- **INFORMATION SUPPLIED**

+ + + +

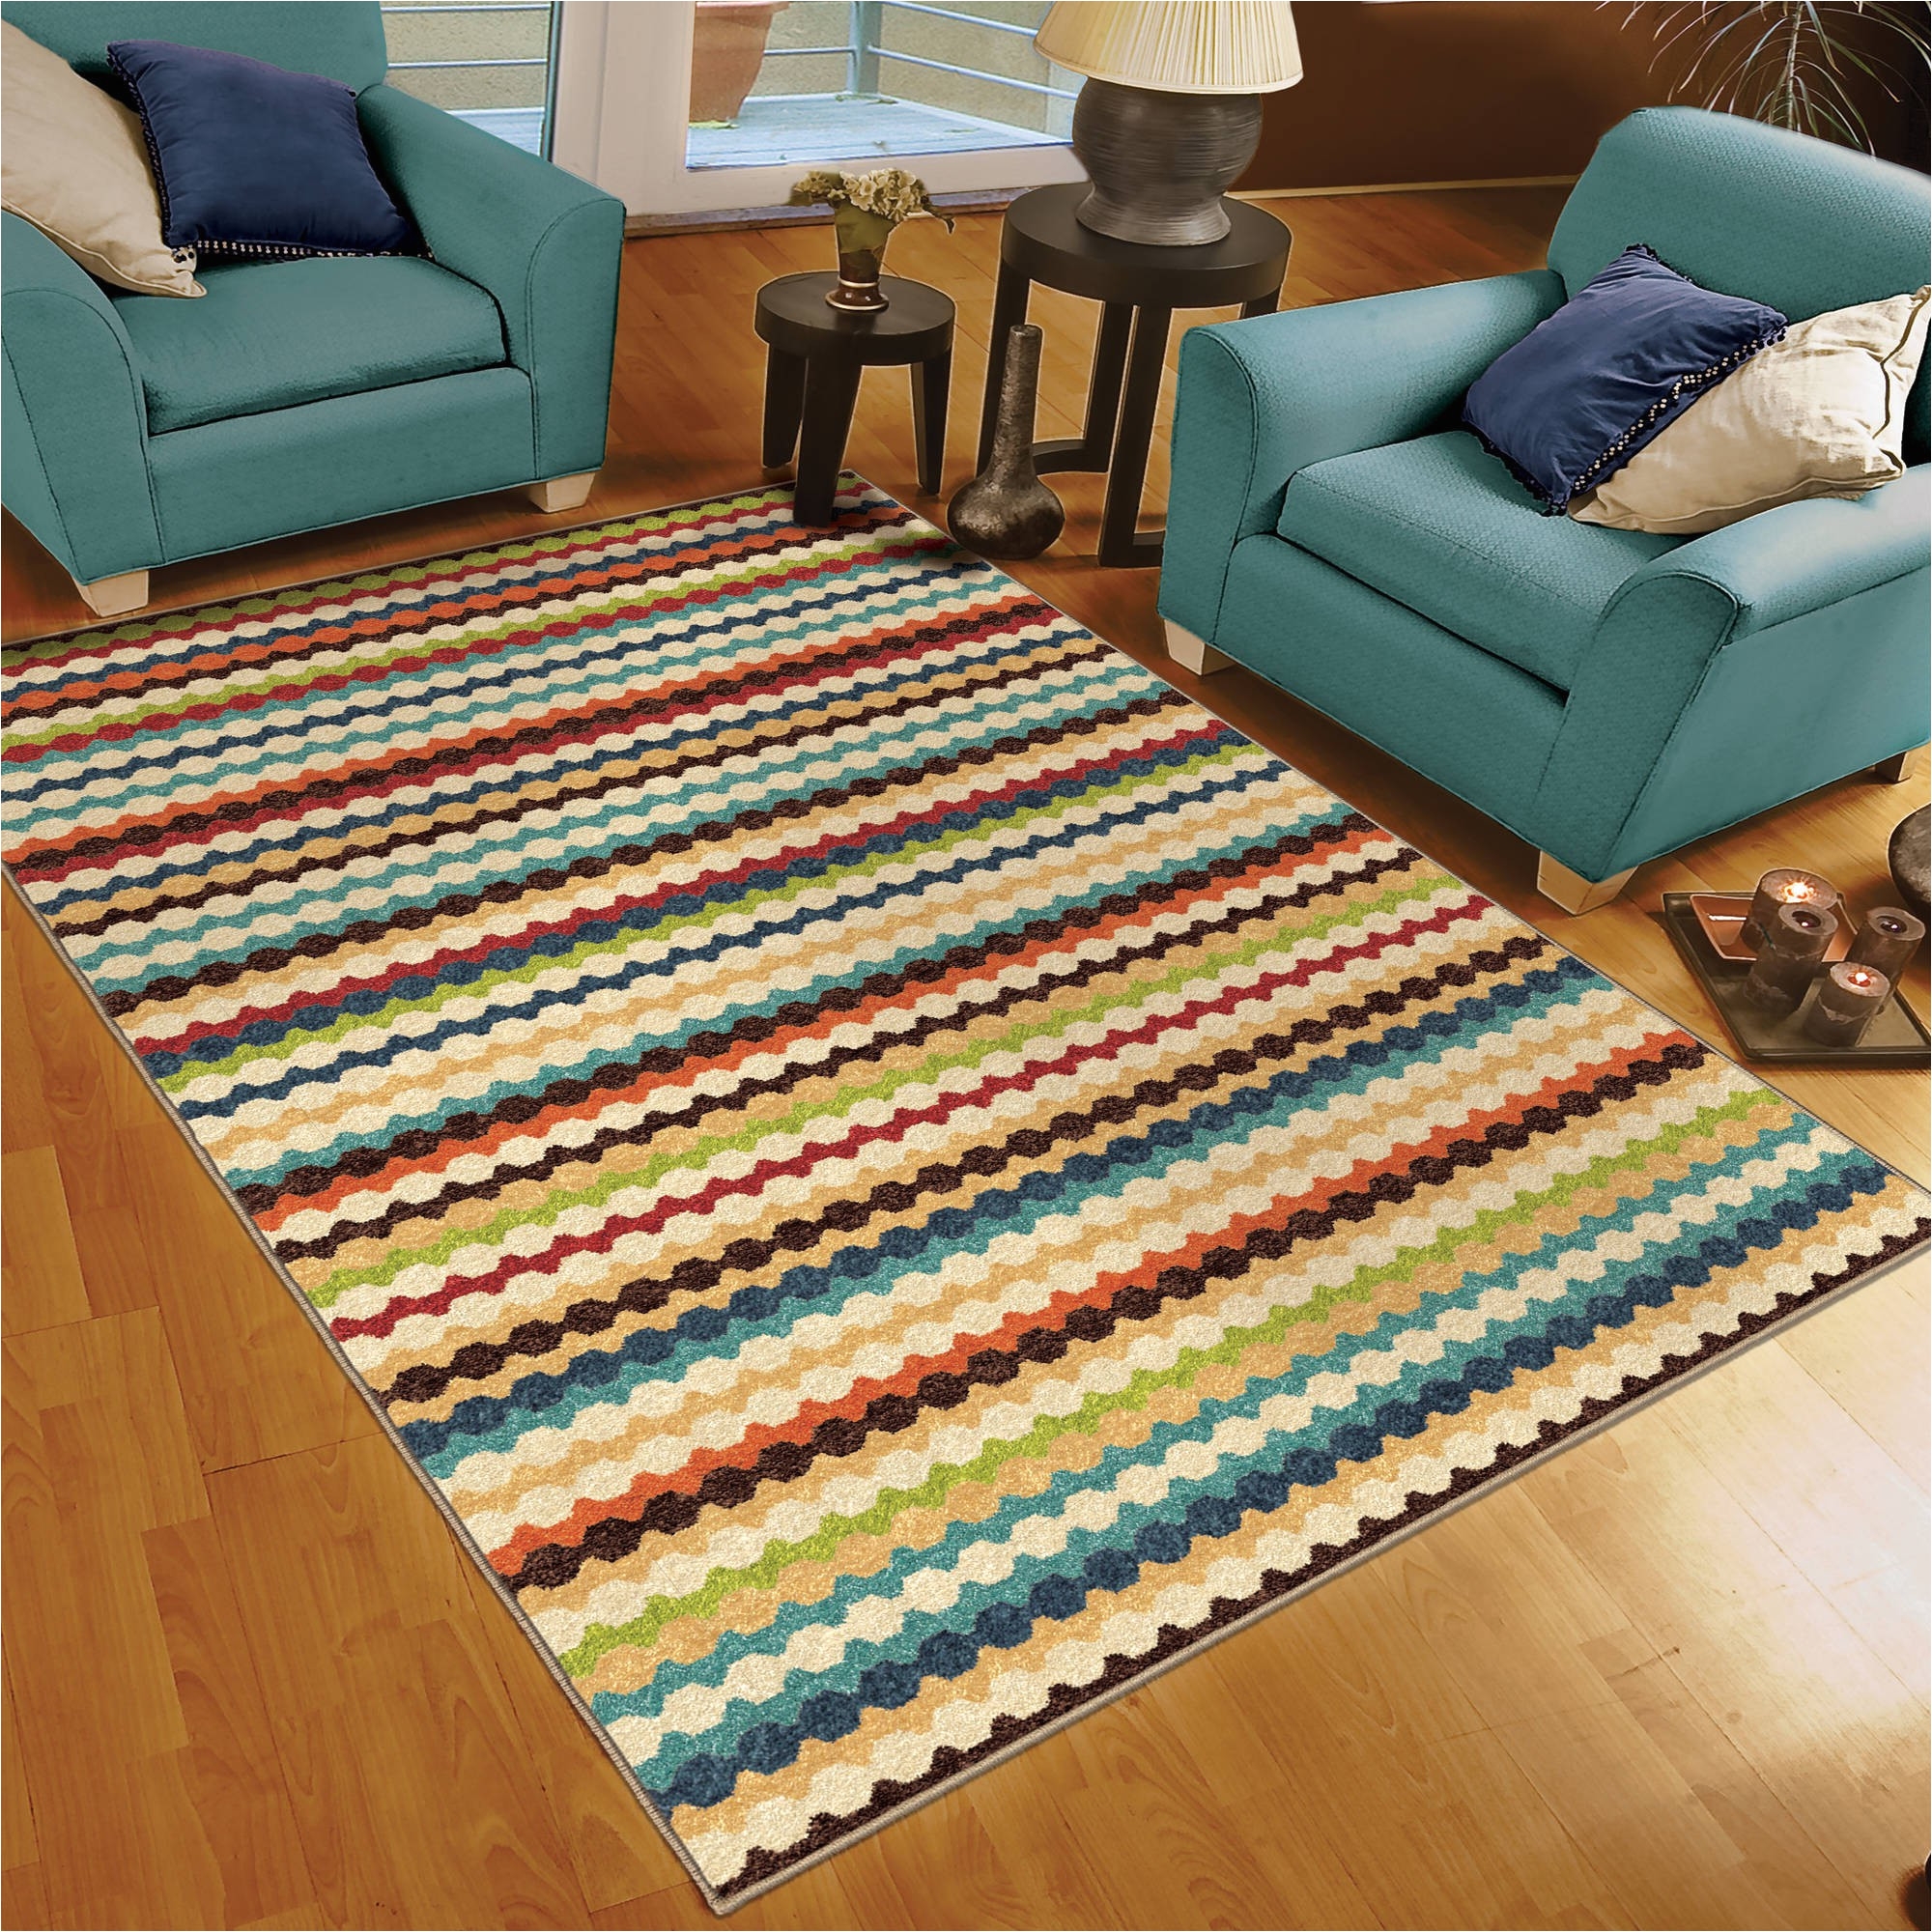 multi colored outdoor rugs lovely inspirational outdoor rugs walmart outdoor of 36 new multi colored outdoor
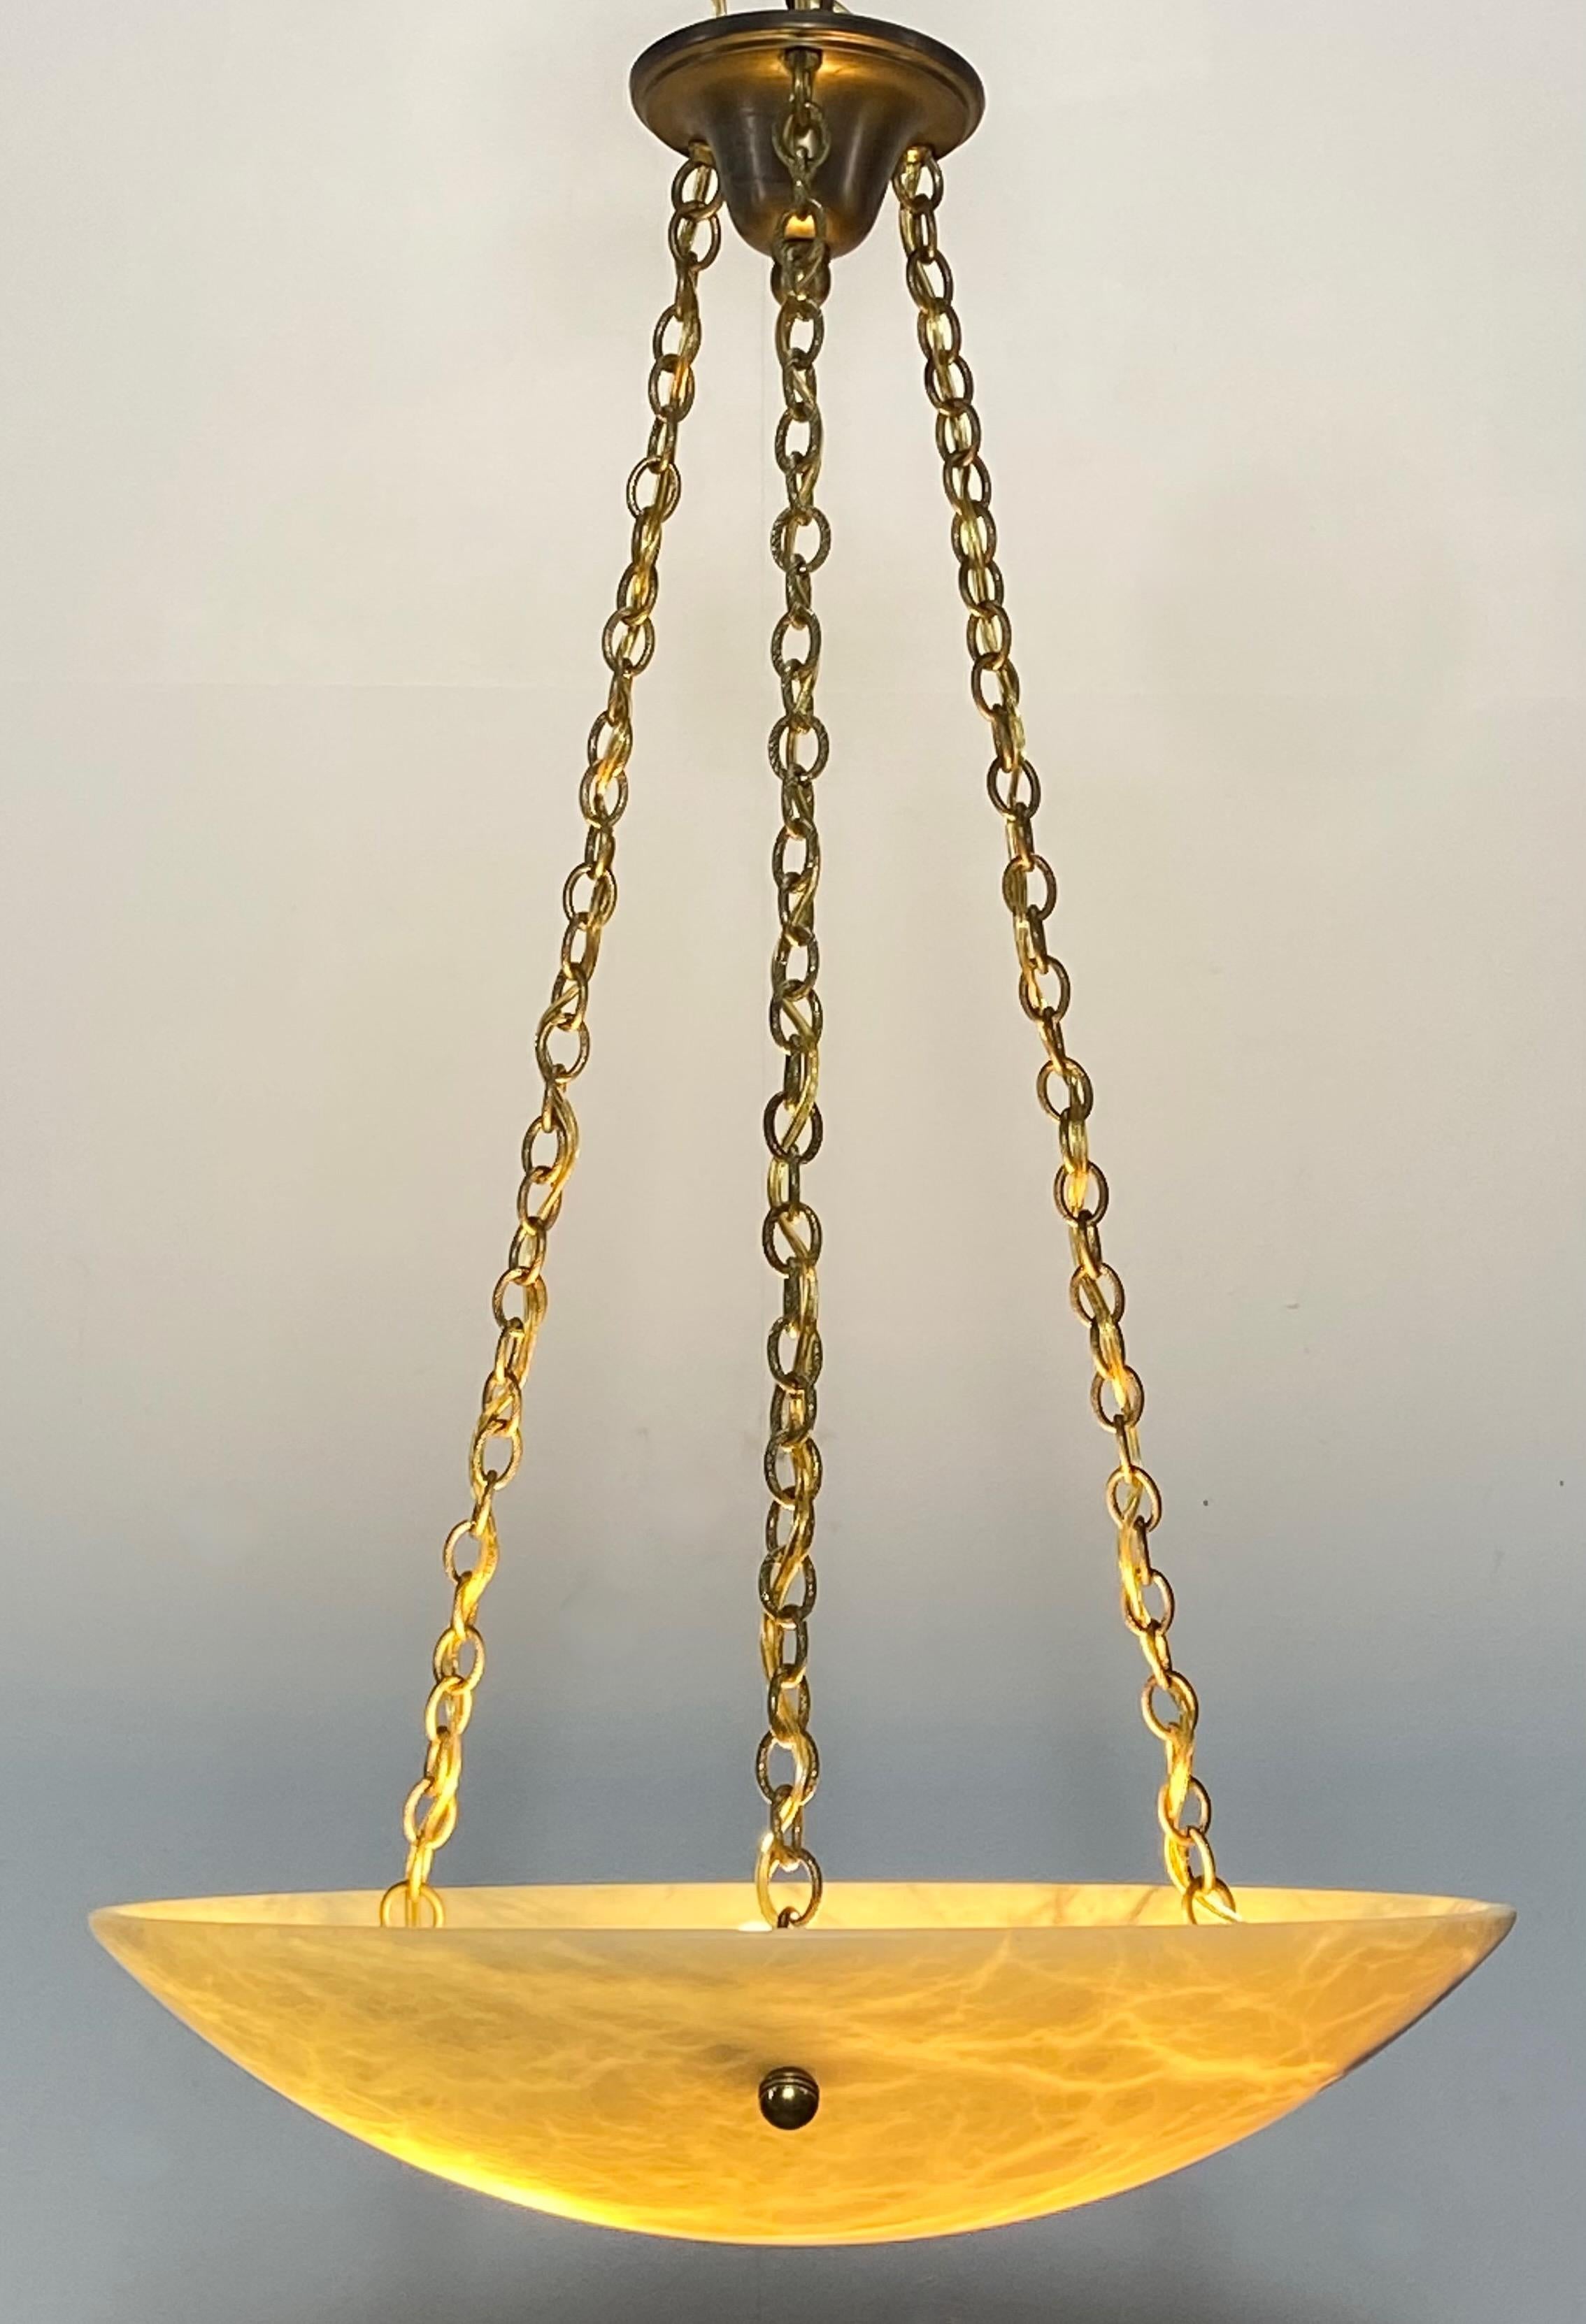 Light amber-ish color alabaster bowl shape pendant light fixture with solid brass rope style chain.
Recently re-wired and ready to install. We can adjust the the length of the drop to buyers specification if desired.
Antique alabaster bowl with

+ + + +

- **EXERCISE GOAL**
What is needed is the whole listing again, exactly as written, with the images left out.

- **SOLUTION**
 multi colored outdoor rugs lovely inspirational outdoor rugs walmart outdoor of 36 new multi colored outdoor
 Light amber-ish color alabaster bowl shape pendant light fixture with solid brass rope style chain.
Recently re-wired and ready to install. We can adjust the the length of the drop to buyers specification if desired.
Antique alabaster bowl with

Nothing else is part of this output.